Organizing metal and semiconductor nanoparticles into ordered arrays with nanoscale structure represents a major challenge in nanotechnology, and bears the potential to advance applications such as sensing and photovoltaics beyond their current performance limits.

A highly modular approach for organizing nanoparticles into ordered structures involves the utilization of block copolymers. Block copolymers consist of different sequences of chemically distinct repeat units, and spontaneously form periodic nanoscale structures by microphase separation. Tailoring the chemistry of the nanoparticle’s protecting monolayer to be compatible with one block of the polymer enables harnessing the inherent structure of the block copolymer to order the nanoparticles. Nanocomposite films prepared by blending such nanoparticles with block copolymers feature periodic structures, in which nanoparticles reside in alternating domains.

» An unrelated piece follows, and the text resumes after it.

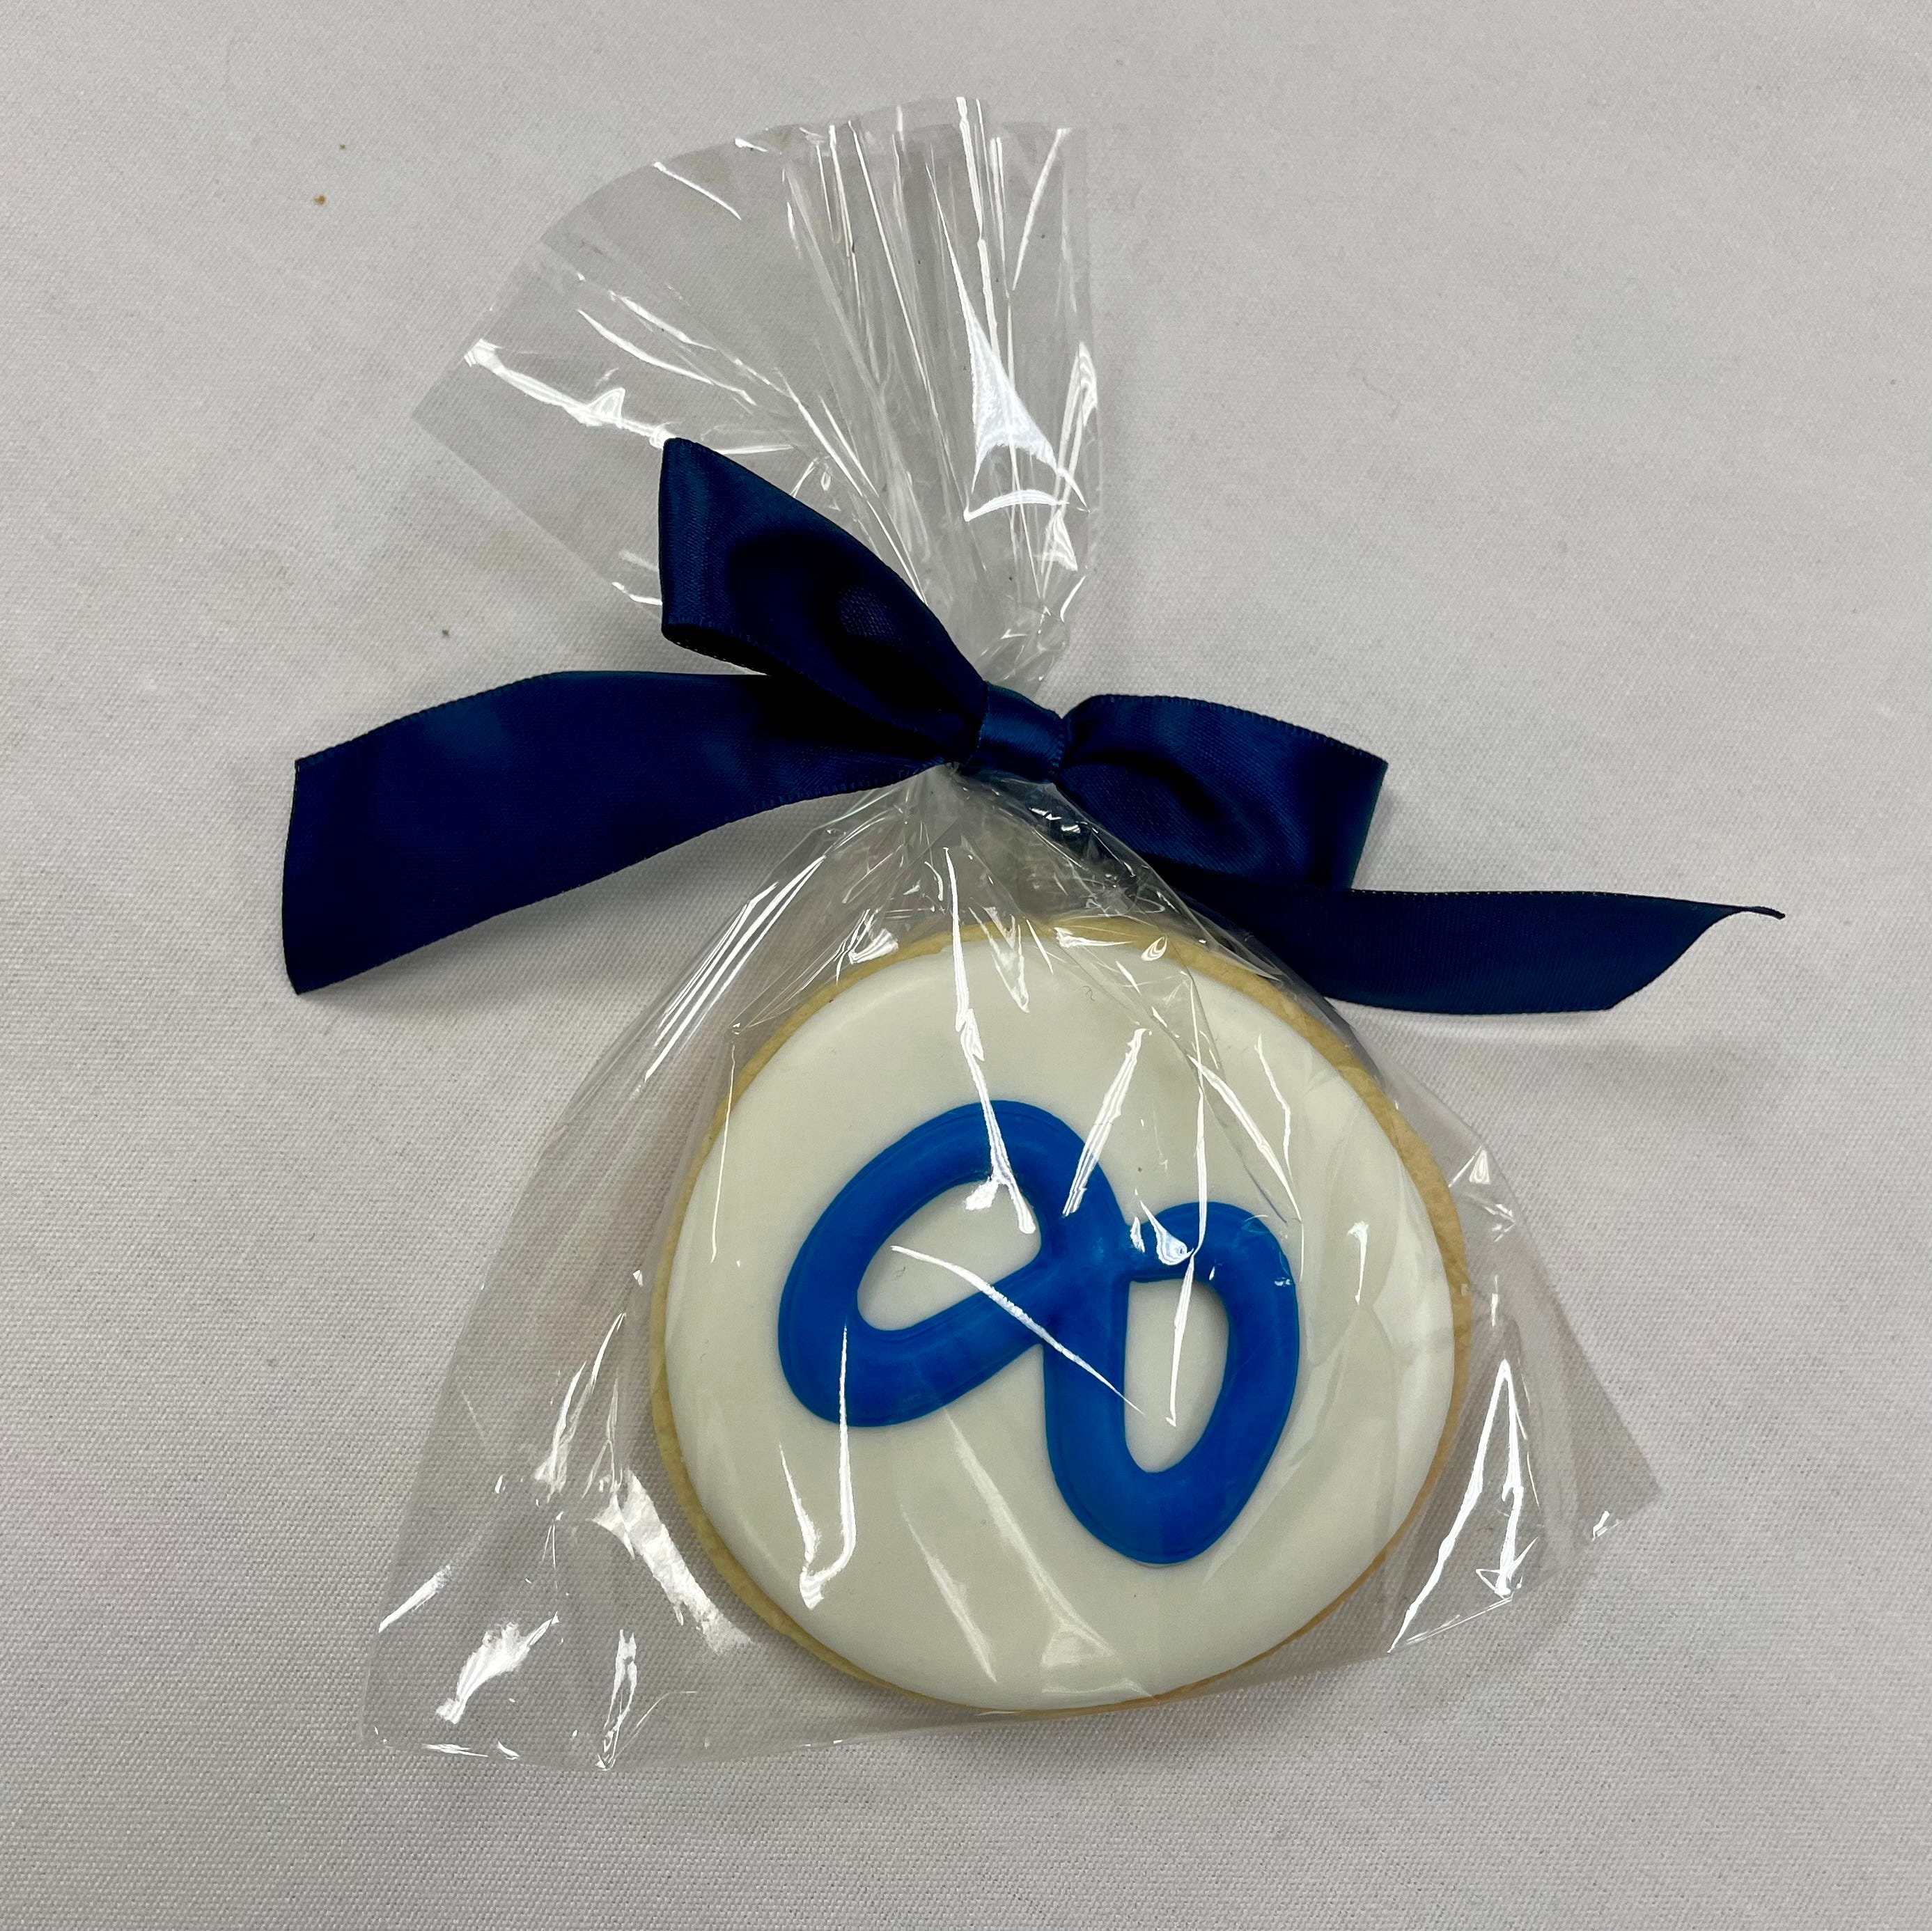 Sugar cookie with the Meta logo on it

The presentation will describe design principles and discuss the main factors that govern nanoparticle-block copolymer assembly in thin nanocomposite films. Questions that will be addressed are:

How can we control the internal nanoparticle structure inside a domain?

How the nanoparticle shape influences the overall morphology?

How can we use block copolymer architecture to further enhance nanoparticle ordering?